- ASSIGNMENT -
A verbatim transcript of the data below is required, images omitted.
Top of DATA EXCERPT
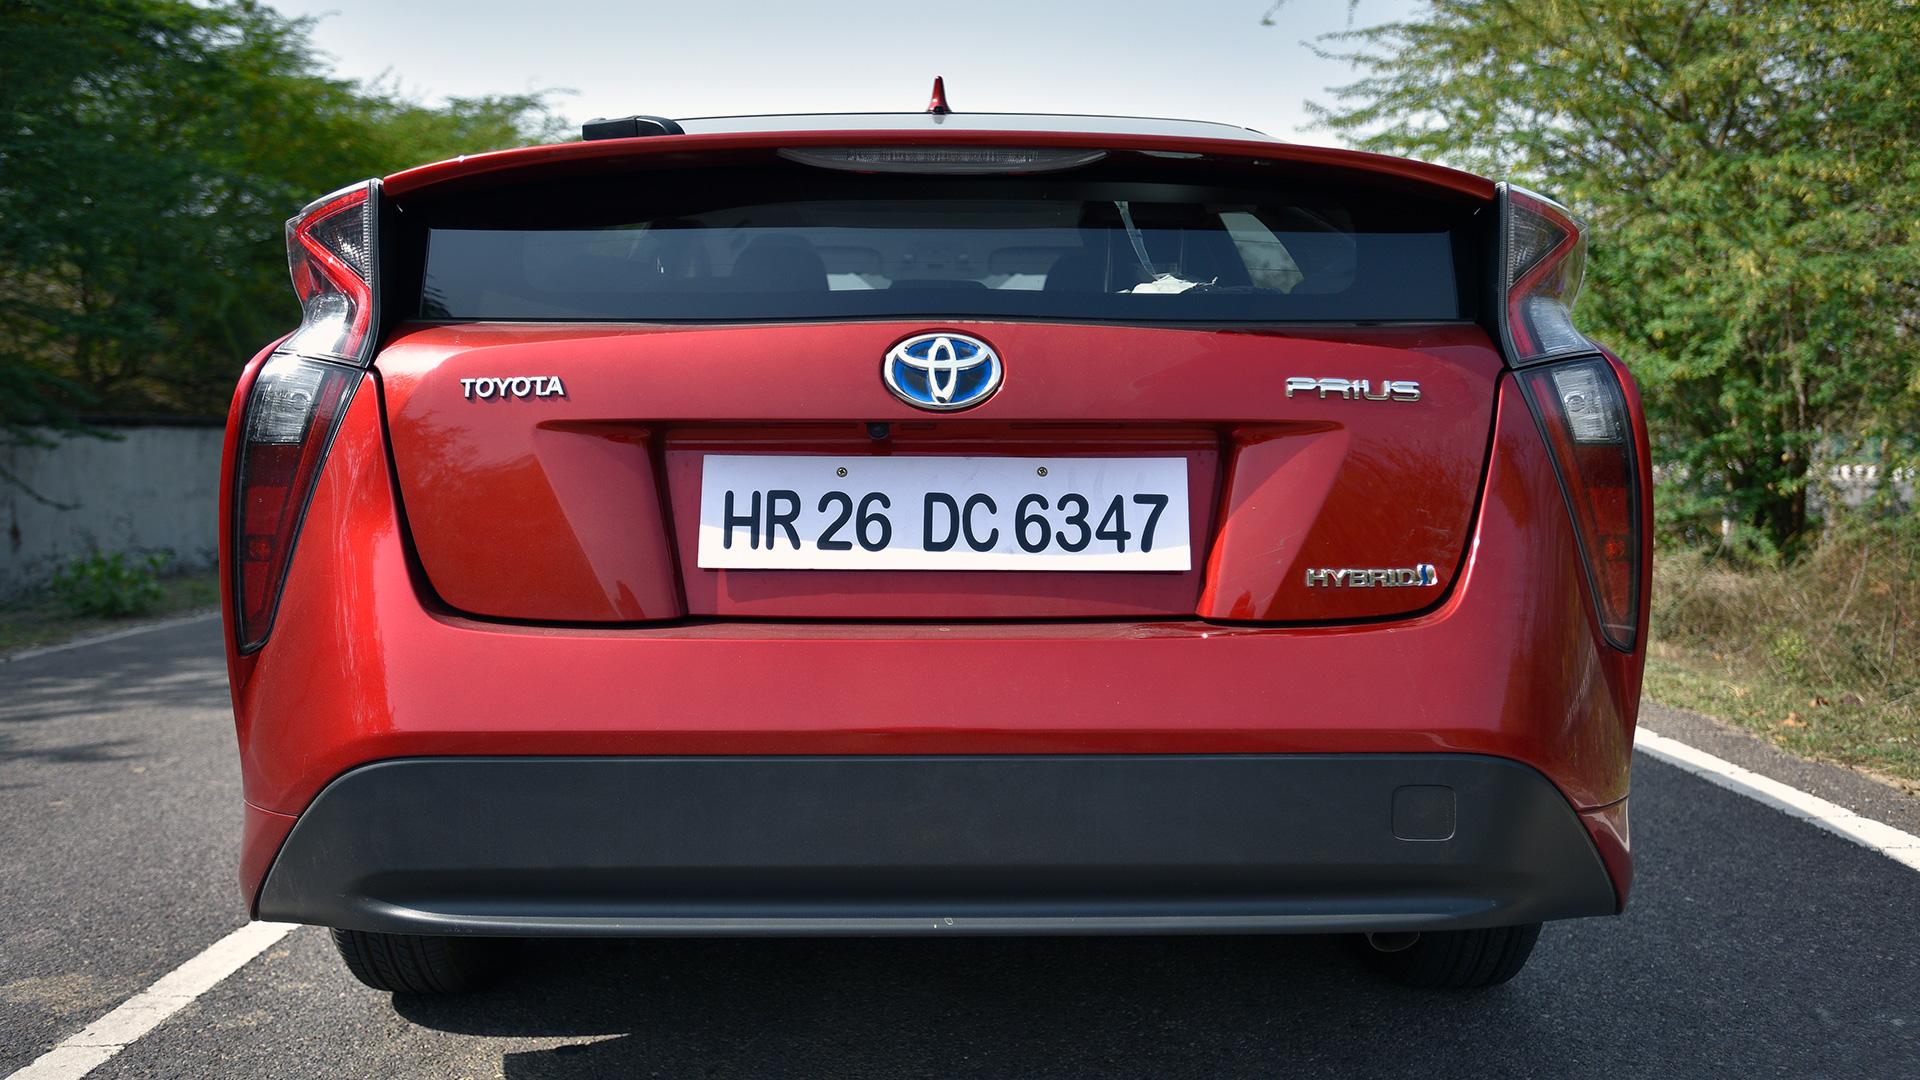 Toyota Prius 2017-1.8 Z8 Compare
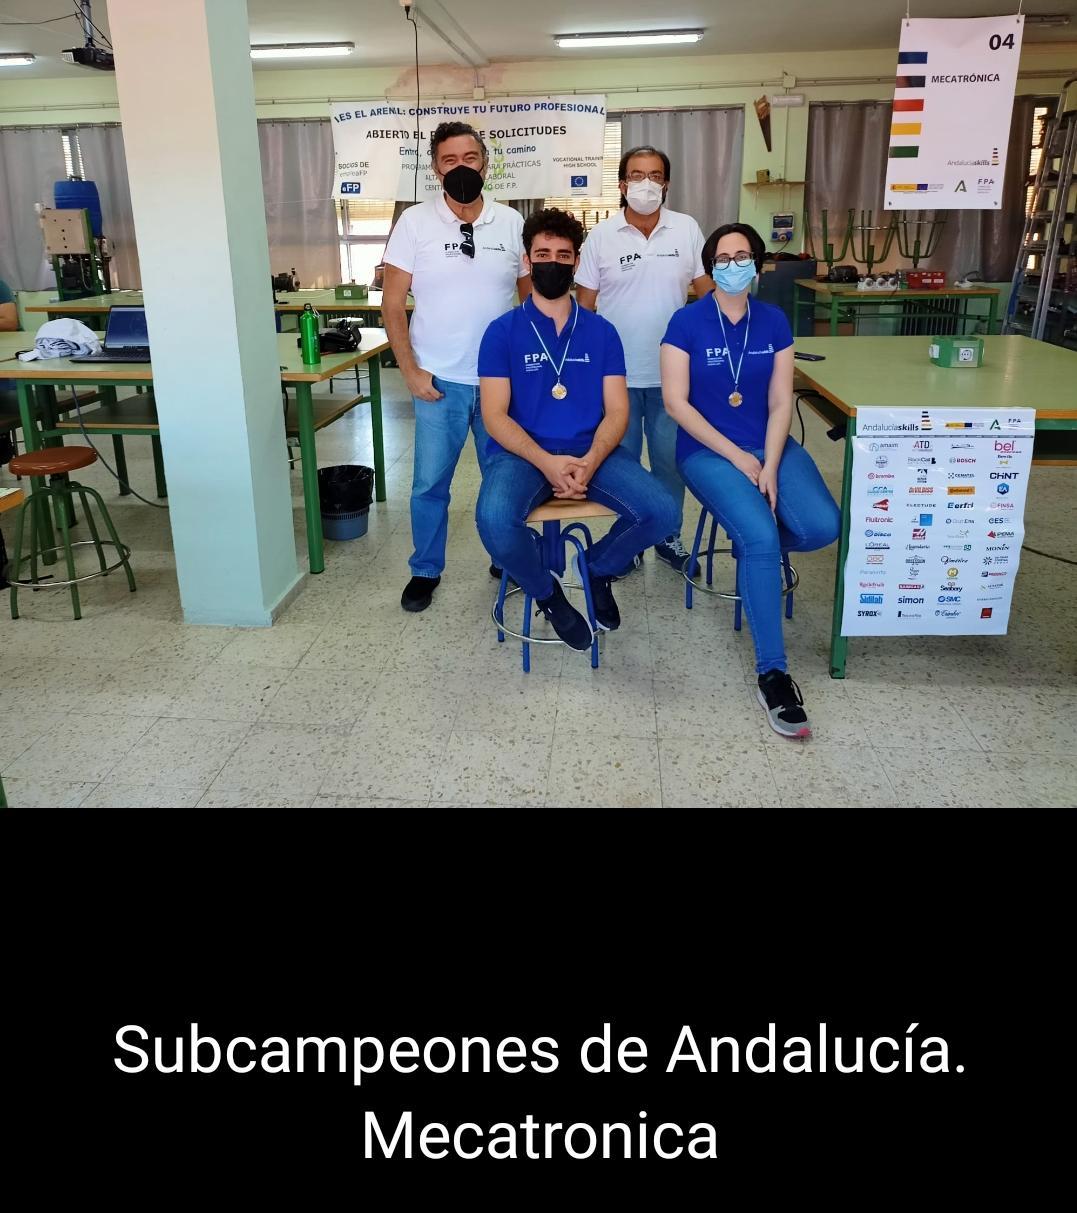 Subcampeones en Mecatrónica. Andalucía Skills.
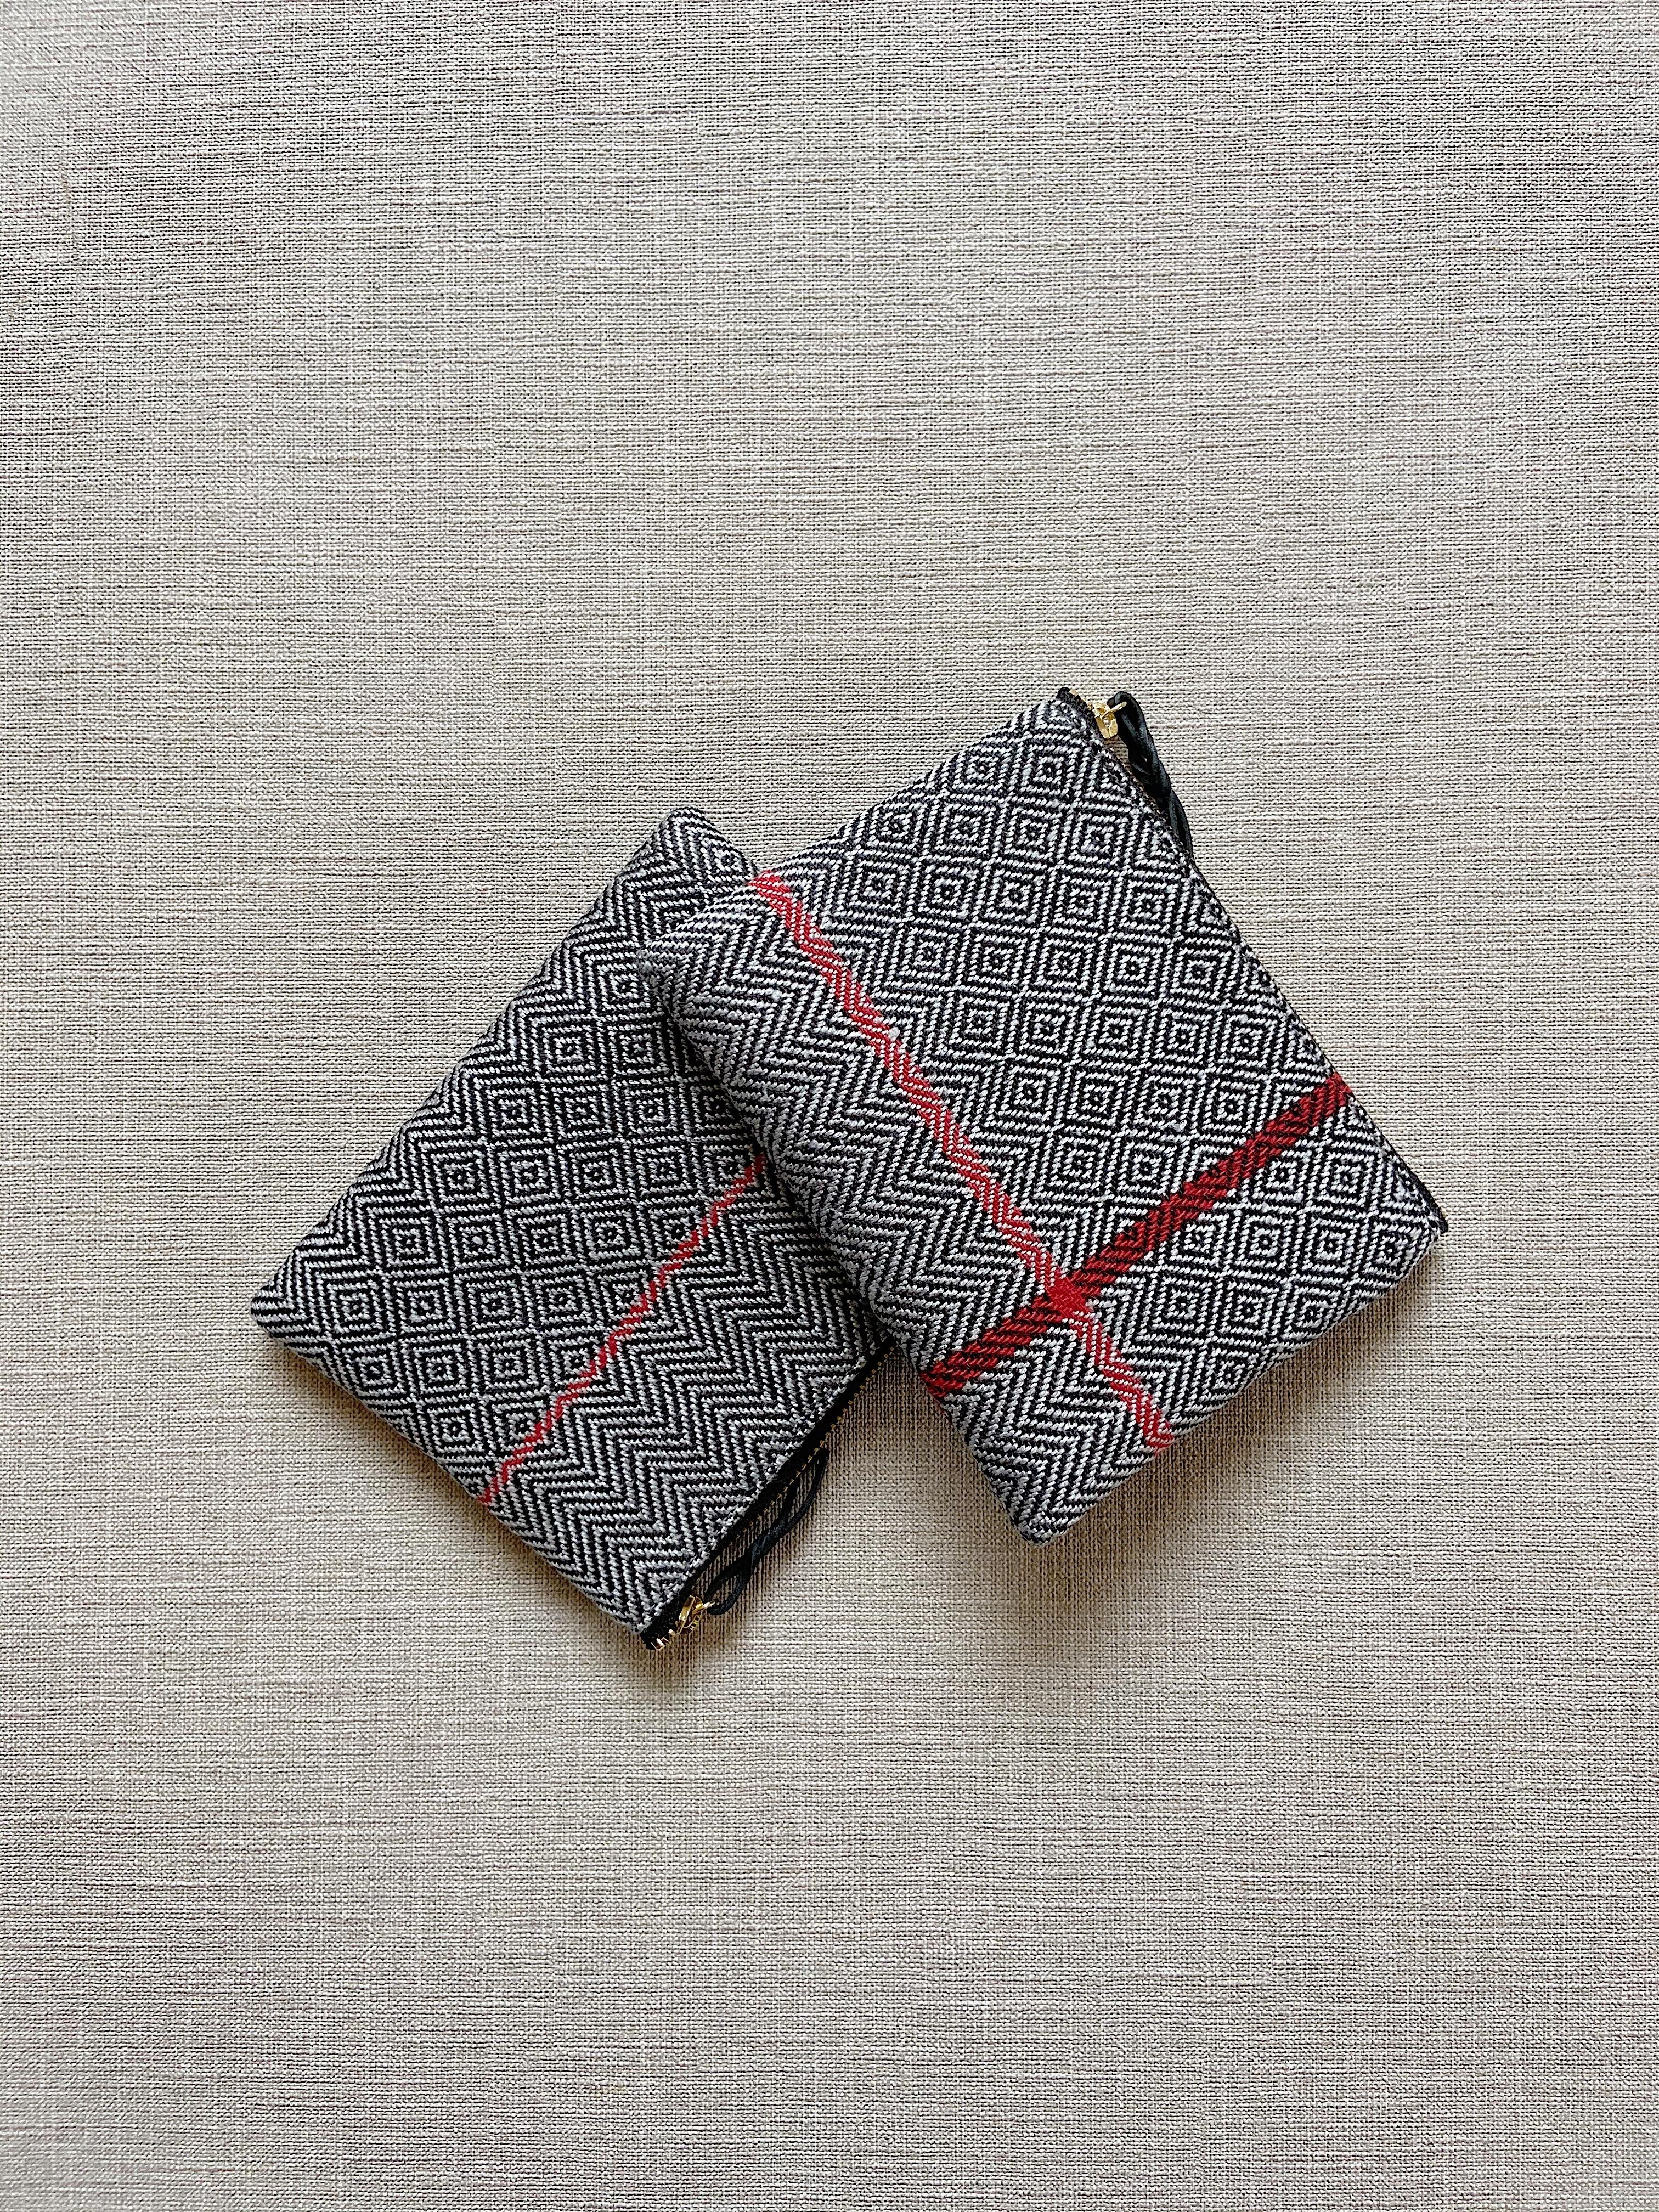 手織りミニポーチライン#2(HAND WOVEN POUCH 14cm RED LINE #2 )
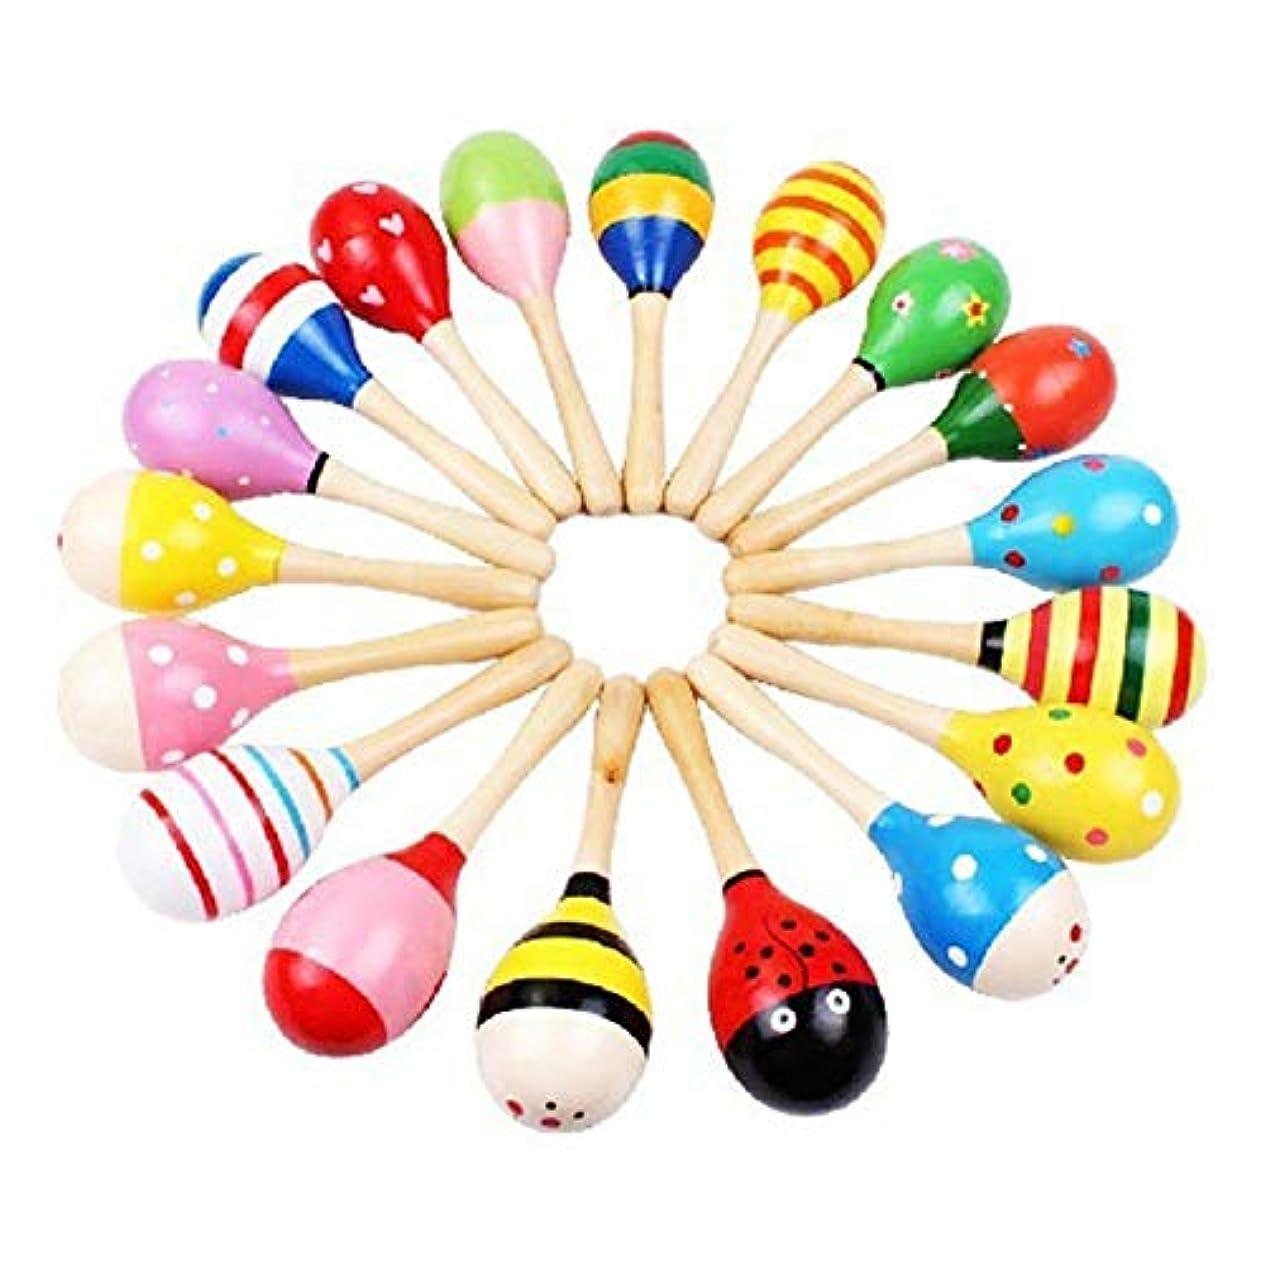 損なう道路委任するベビー用品 幼児のおもちゃ CZ 3 PCSカラフルな木製ベビー子供楽器ラトルシェーカーパーティー子供のギフトのおもちゃ(色ランダム) (色 : Color Random)
Bottom of DATA EXCERPT
- RESPONSE TO THE TASK -
 Toyota Prius 2017-1.8 Z8 Compare
 Subcampeones en Mecatrónica. Andalucía Skills.
 手織りミニポーチライン#2(HAND WOVEN POUCH 14cm RED LINE #2 )
 損なう道路委任するベビー用品 幼児のおもちゃ CZ 3 PCSカラフルな木製ベビー子供楽器ラトルシェーカーパーティー子供のギフトのおもちゃ(色ランダム) (色 : Color Random)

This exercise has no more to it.